I think your suggestion is sensible, and it's high time macrons be used in these entries.

polm commented 3 years ago

I vote against macrons. They were a reasonable choice in 1890, when Greek and Latin were part of normal Western education, but I don't think they help understanding now, and using them is why even places with hyper-conservative editorial conventions like the New Yorker write "Tokyo" without macrons - they just get filed off by people who don't understand them. Even the Japanese government doesn't use macrons.

It's true that utf-8 support is much better these days, so it'll be rare to be unable to show them, but there are still technical issues. You mention issues with search, but they can also cause confusion in URLs due to percent encoding, and in browsers font support can make them look bad even if they're technically displayed correctly.
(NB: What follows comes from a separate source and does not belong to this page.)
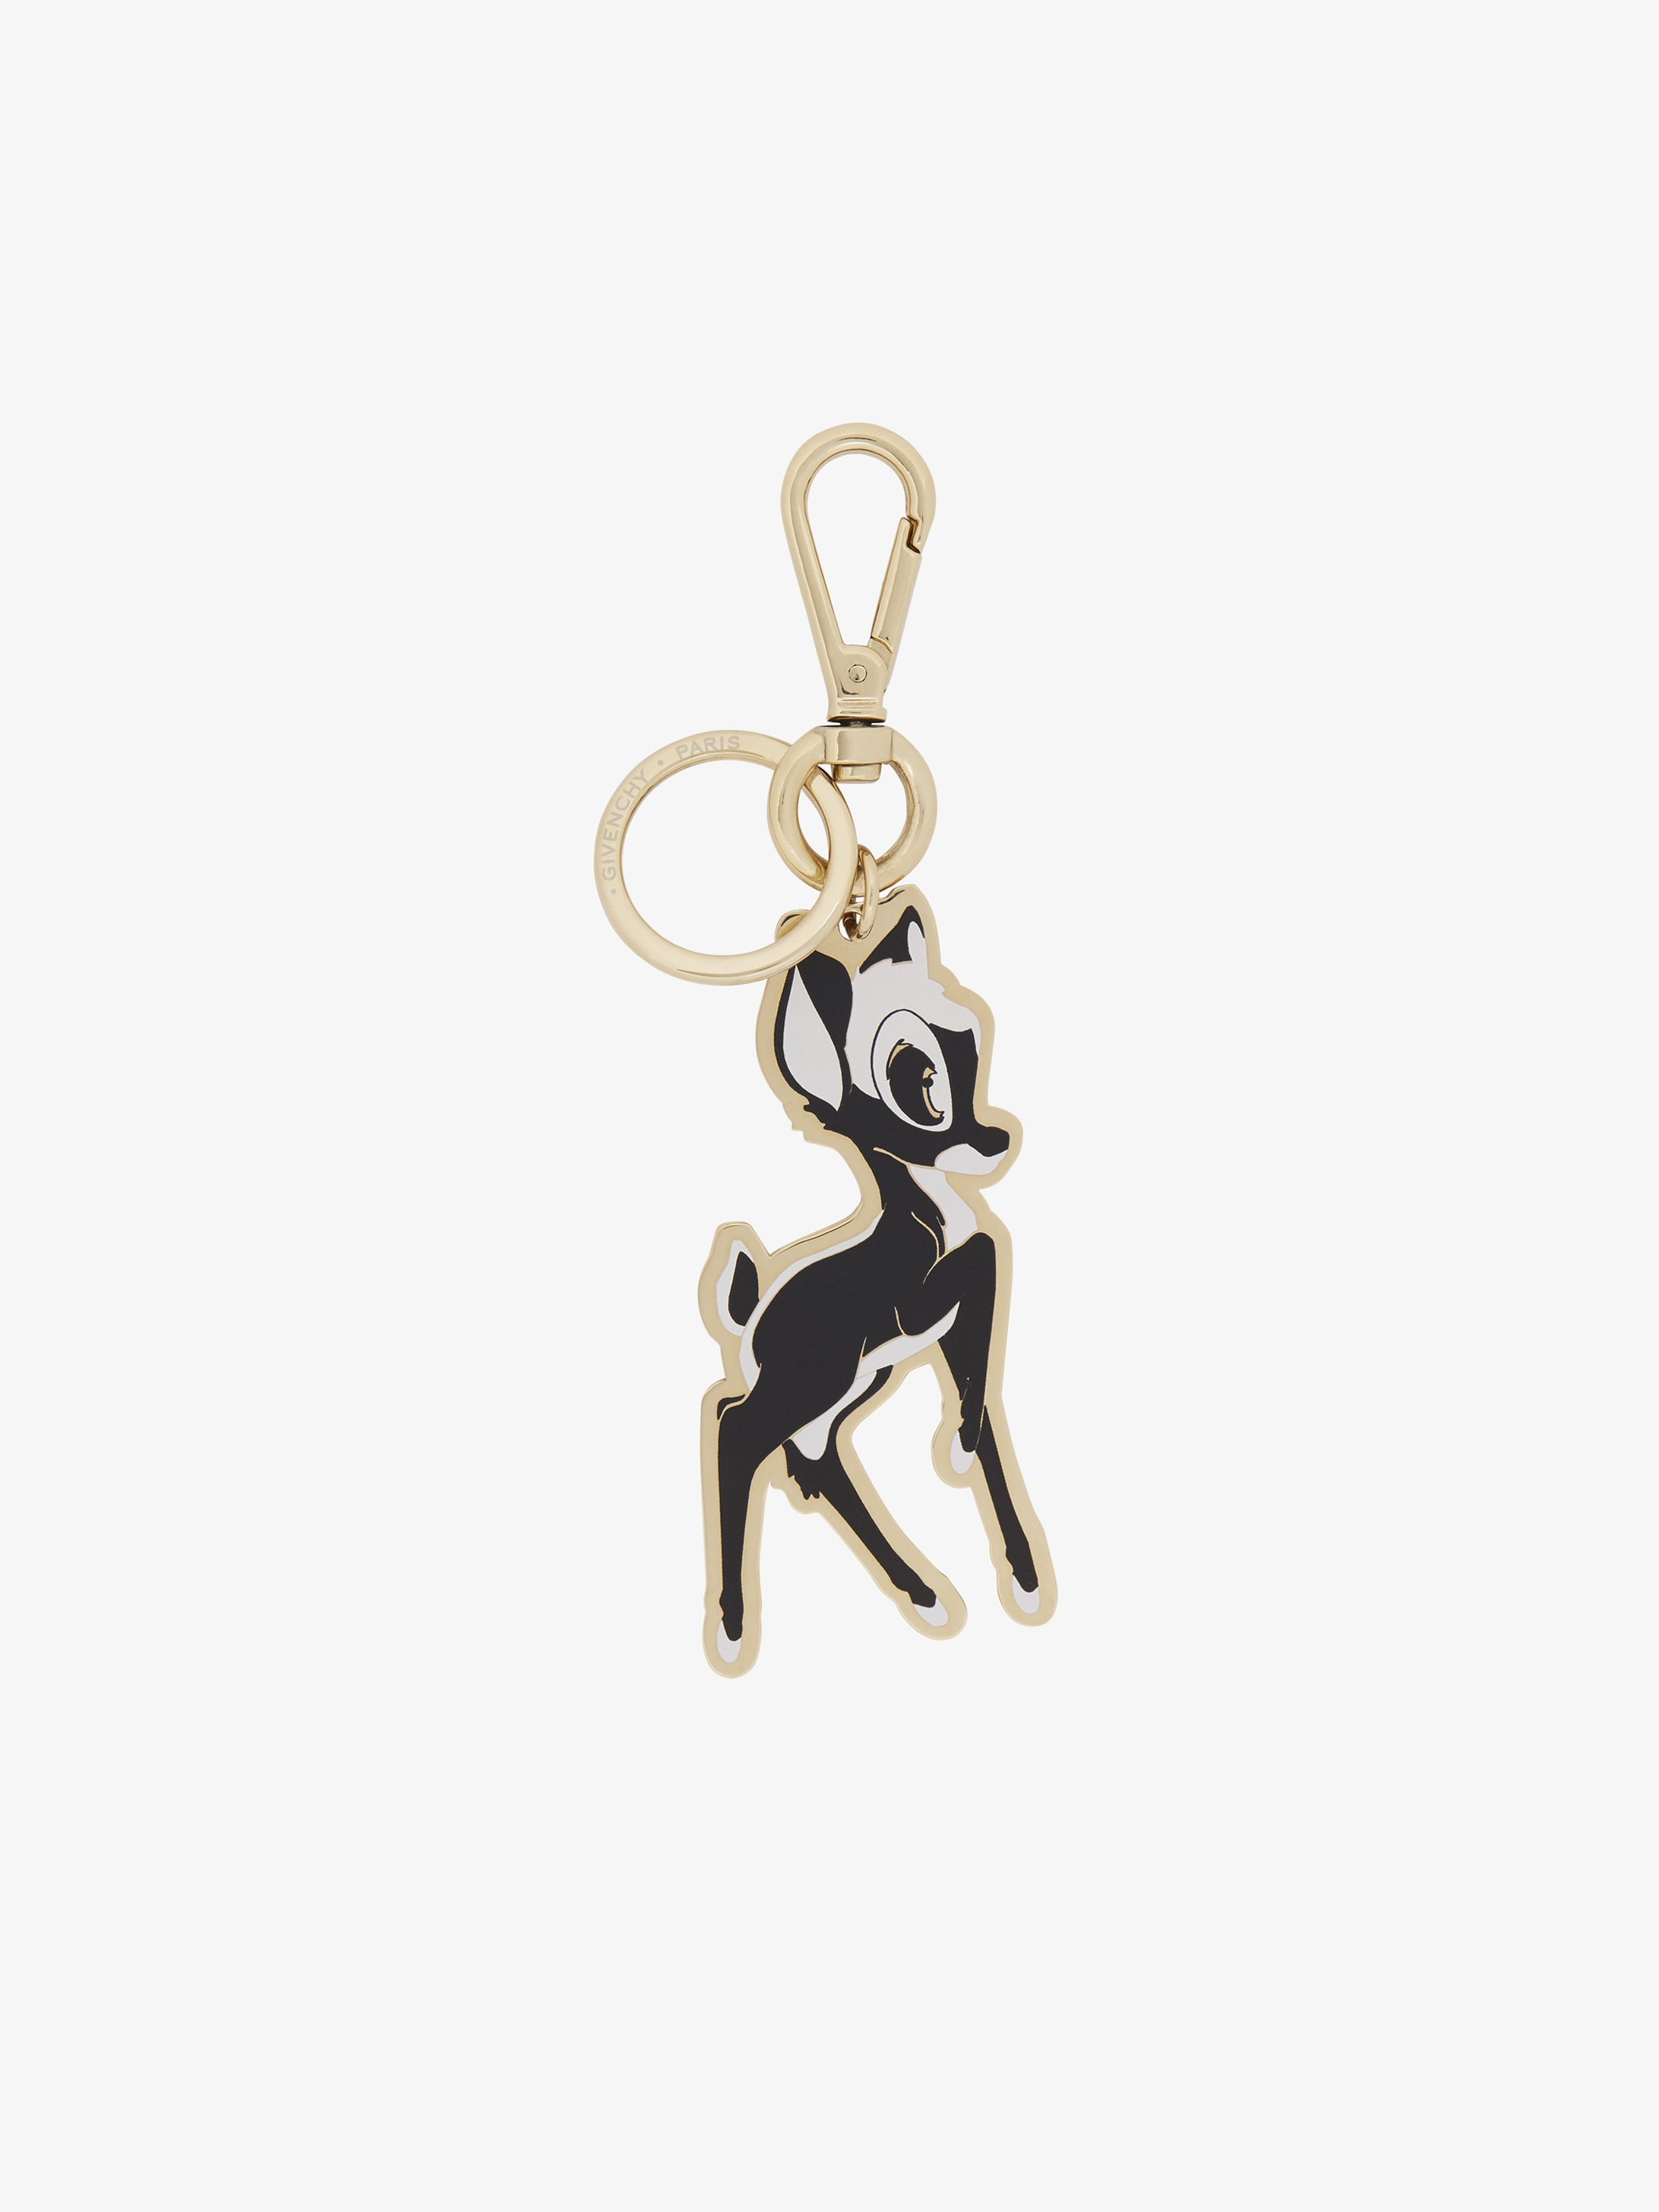 Givenchy Bambi charm | GIVENCHY Paris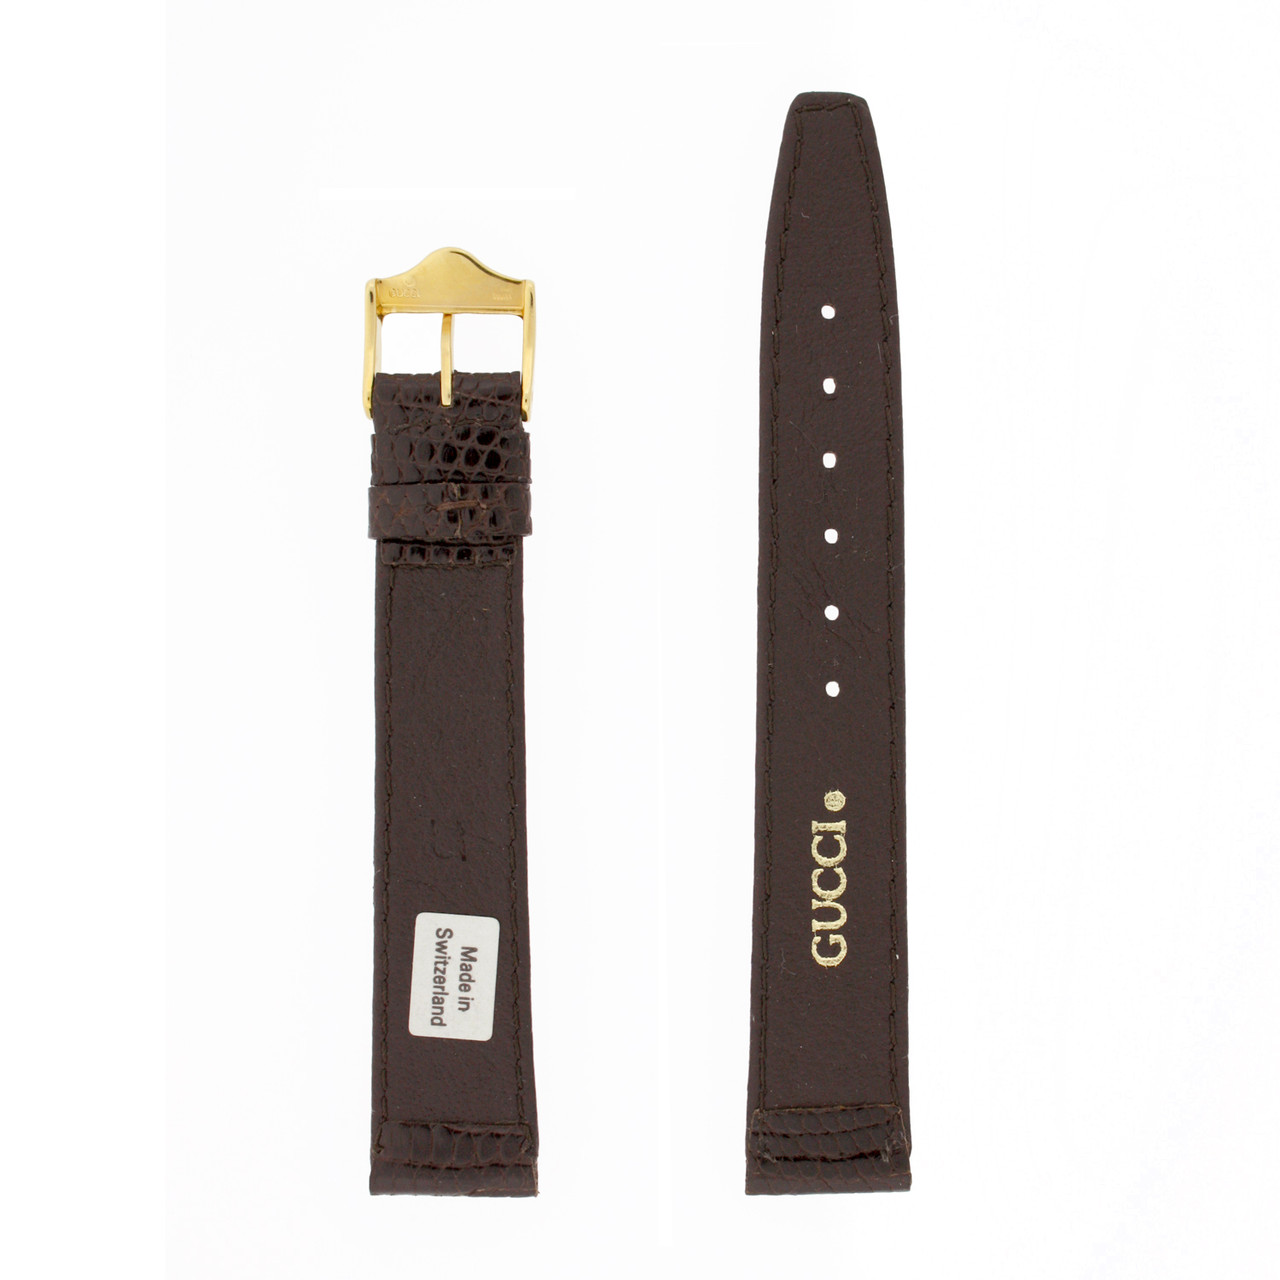 Gucci Band Brown Lizard 17mm Watch Strap fits 2200M 3000M 7600M

There's still edge cases where something is off, which is a non-issue with the current style.

Even if you prefer macrons in general, how much benefit do you think they provide? Is it worth the conversion effort, taking into account the potential errors and technical issues? You can't just use a string replace because of words like 邪悪 or 子牛. UniDic can help but is coverage good enough? I honestly don't know.

robinjmdict commented 3 years ago

I much prefer macrons to doubled letters or "ou" but is there a reliable way of doing the conversion? As polm points out, it's not possible to tell whether two adjacent kana represent a long vowel or not from the reading alone.

I vote against macrons. They were a reasonable choice in 1890, when Greek and Latin were part of normal Western education, but I don't think they help understanding now

For day-to-day use (e.g. newspapers), I agree. But as this is a Japanese-English dictionary, I think we should mark long vowels. They're a useful guide to pronunciation.

where we think it may be useful to have a macron-less version available for reverse searches, include that later in the name explanation.

I'm not sure about this. Do people use the names dictionary for reverse searches? If so, wouldn't we want macron-less versions for all names? Is it too much to expect websites, apps, etc. that use JMnedict data to handle this so that a search for "Kyoto" would return "Kyōto"?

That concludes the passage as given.